* **Work to be completed**: The output is a word-for-word repeat of the listing below, free of images.

* **Input data**:
------------------------
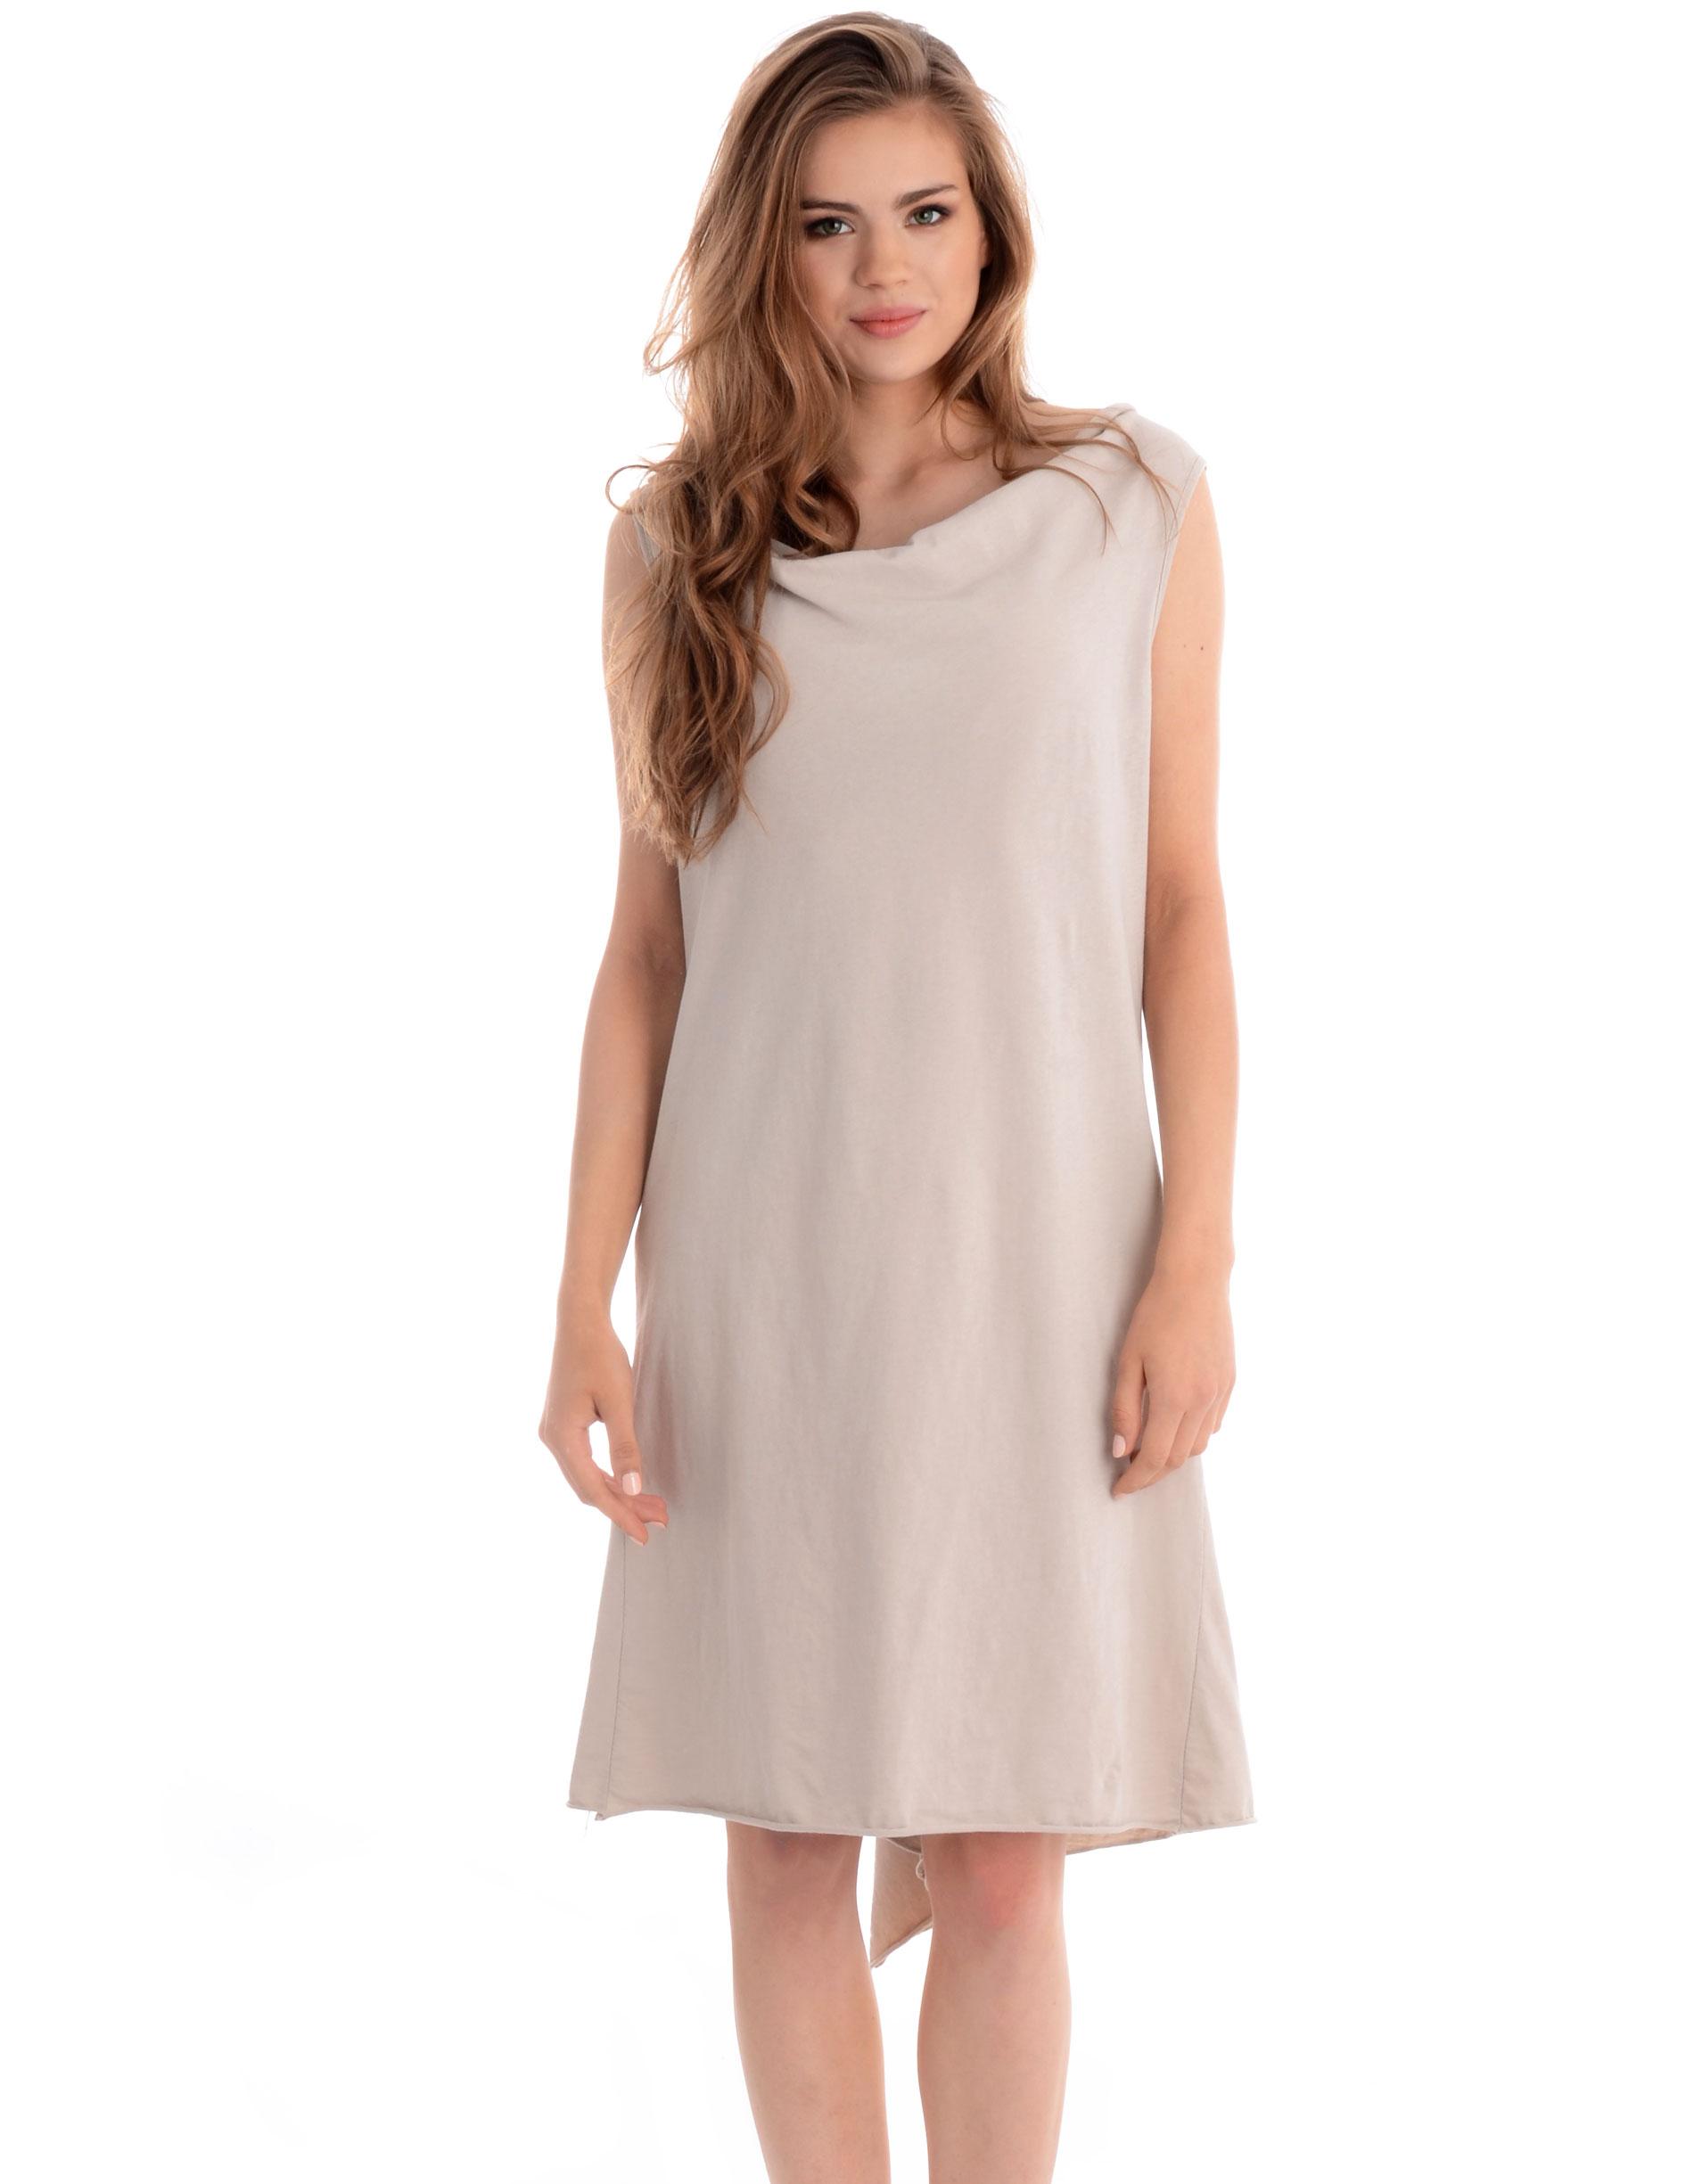 Sukienka - 130-1062 BEIG - Unisono
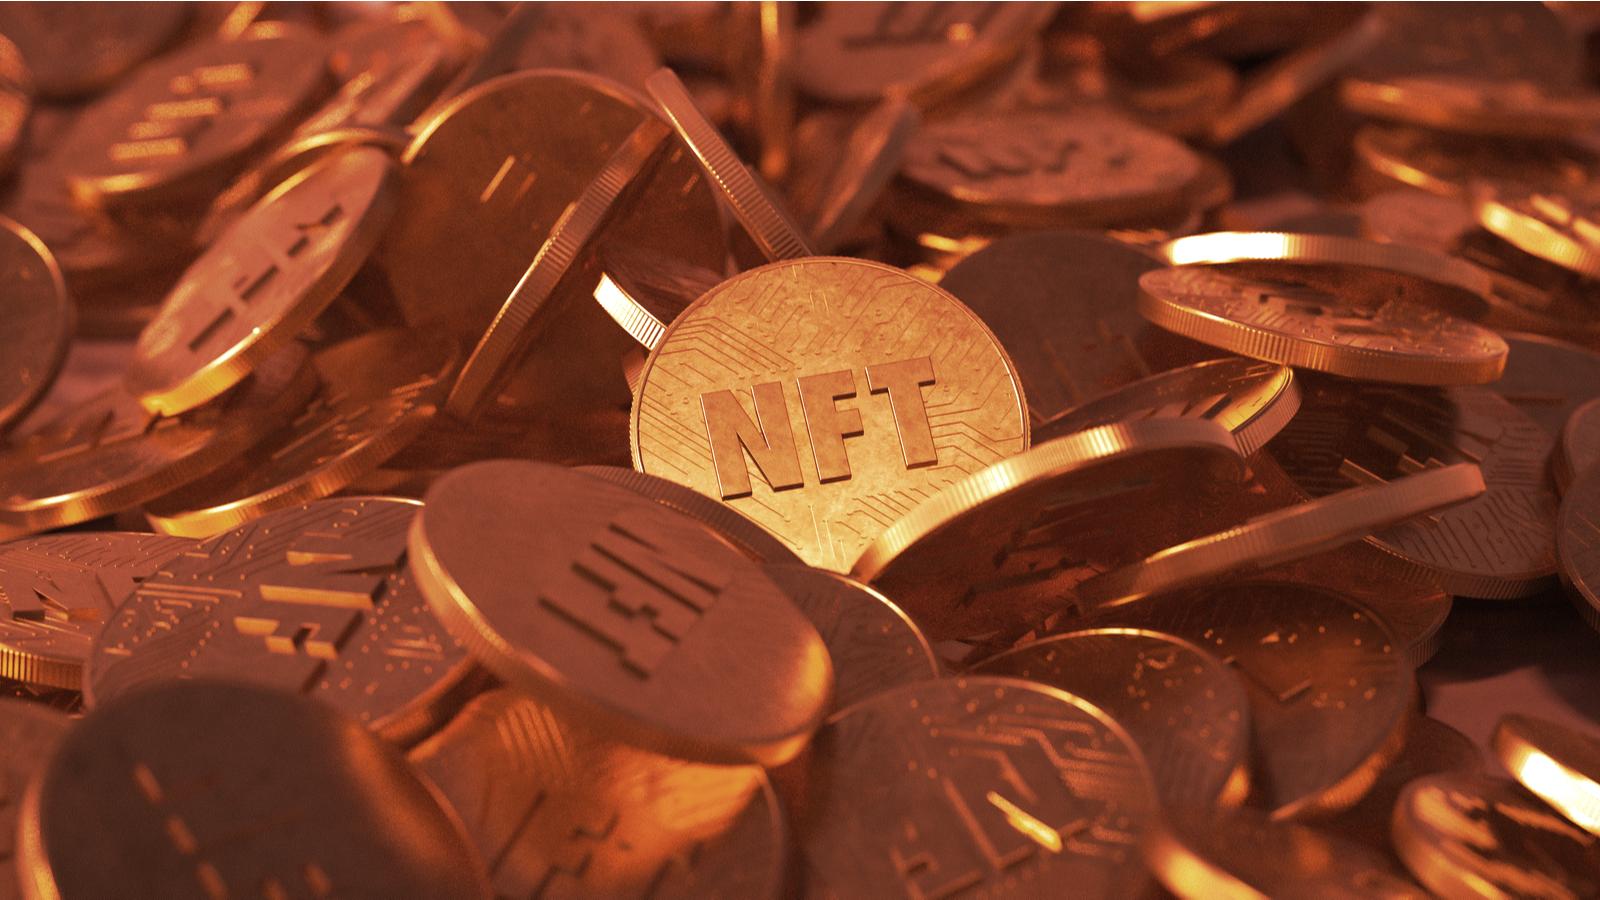 NFT Marketplace Rarible Raises $14.2 To Expand on Flow Blockchain
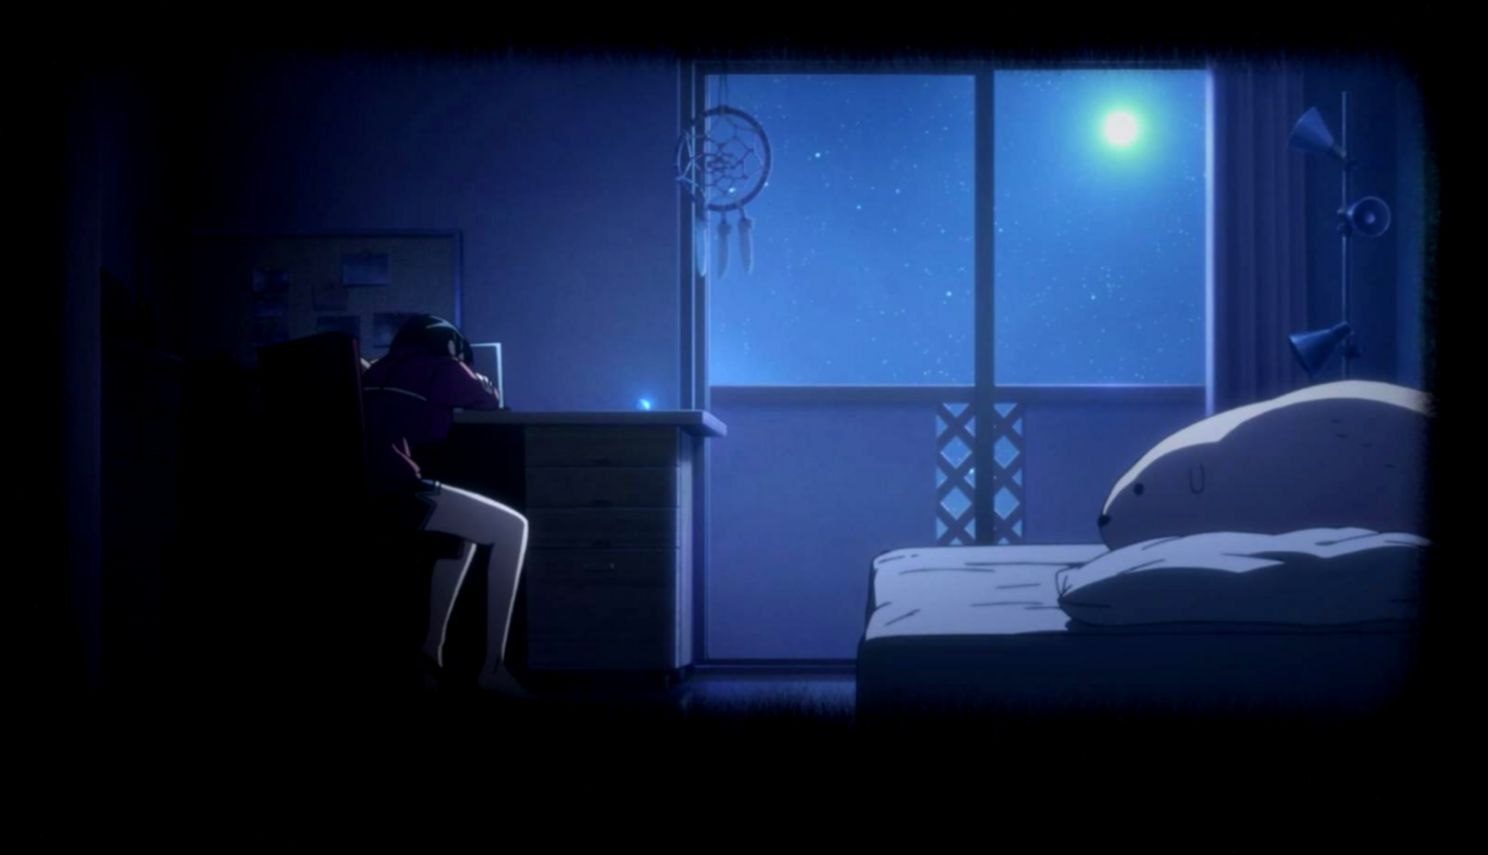 Anime Girl In Bed Room
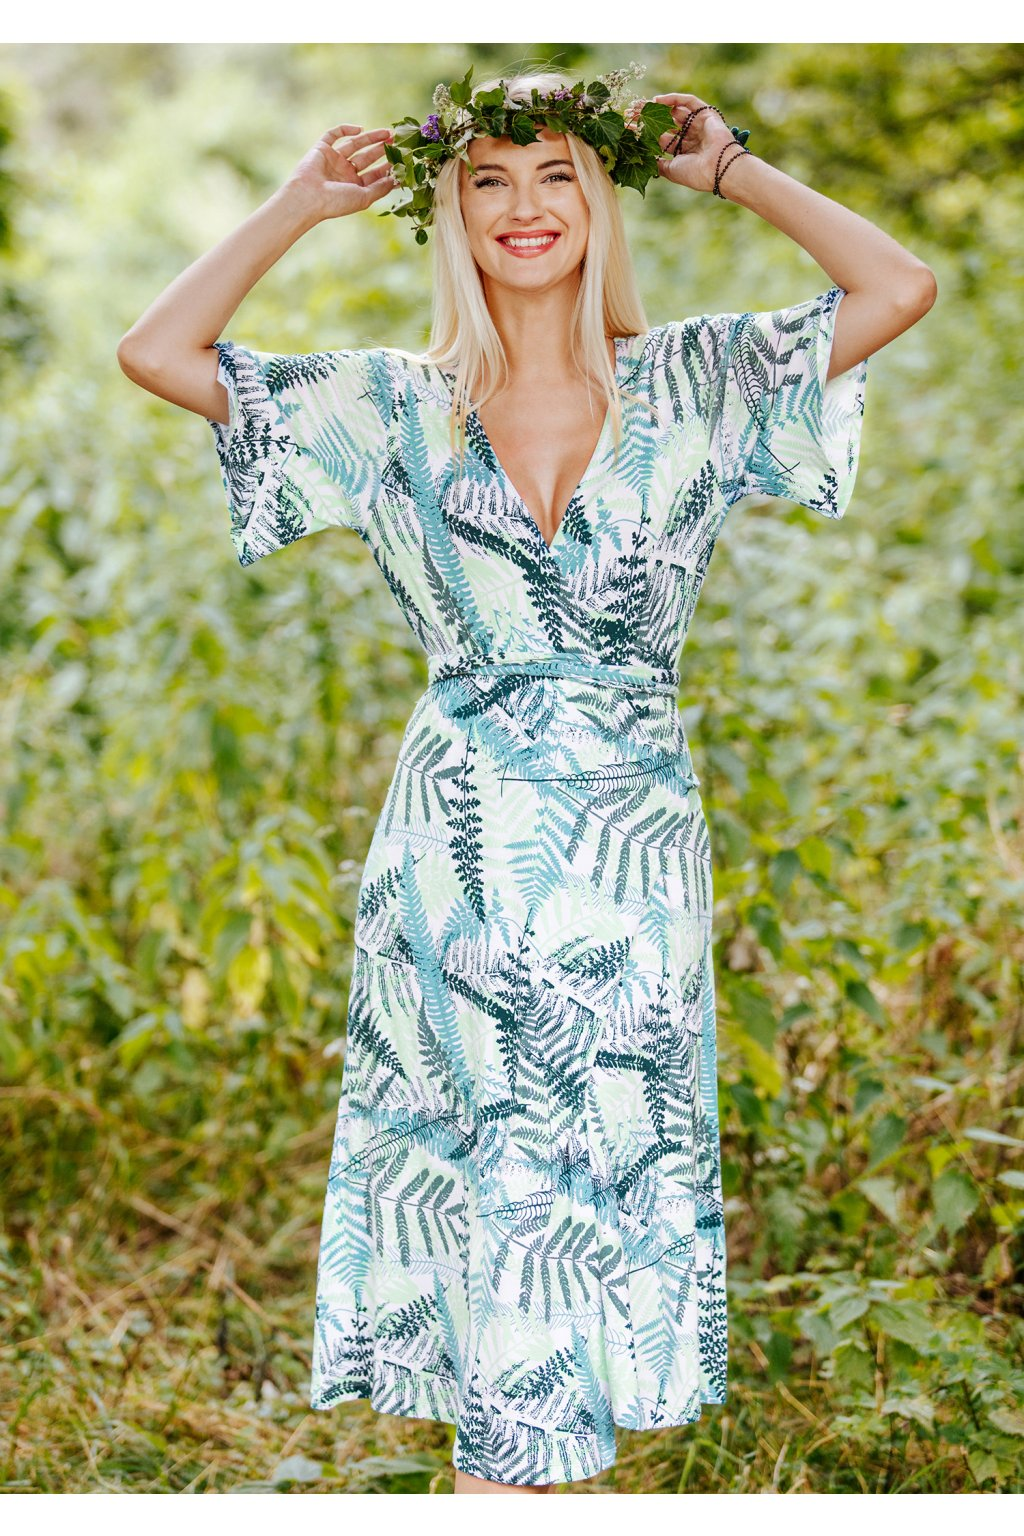 Oboustranné šaty - homewear Key LHD 907 A20
------------------------
* **Task solution**:
 Sukienka - 130-1062 BEIG - Unisono
 NFT Marketplace Rarible Raises $14.2 To Expand on Flow Blockchain
 Anime Girl In Bed Room
 Oboustranné šaty - homewear Key LHD 907 A20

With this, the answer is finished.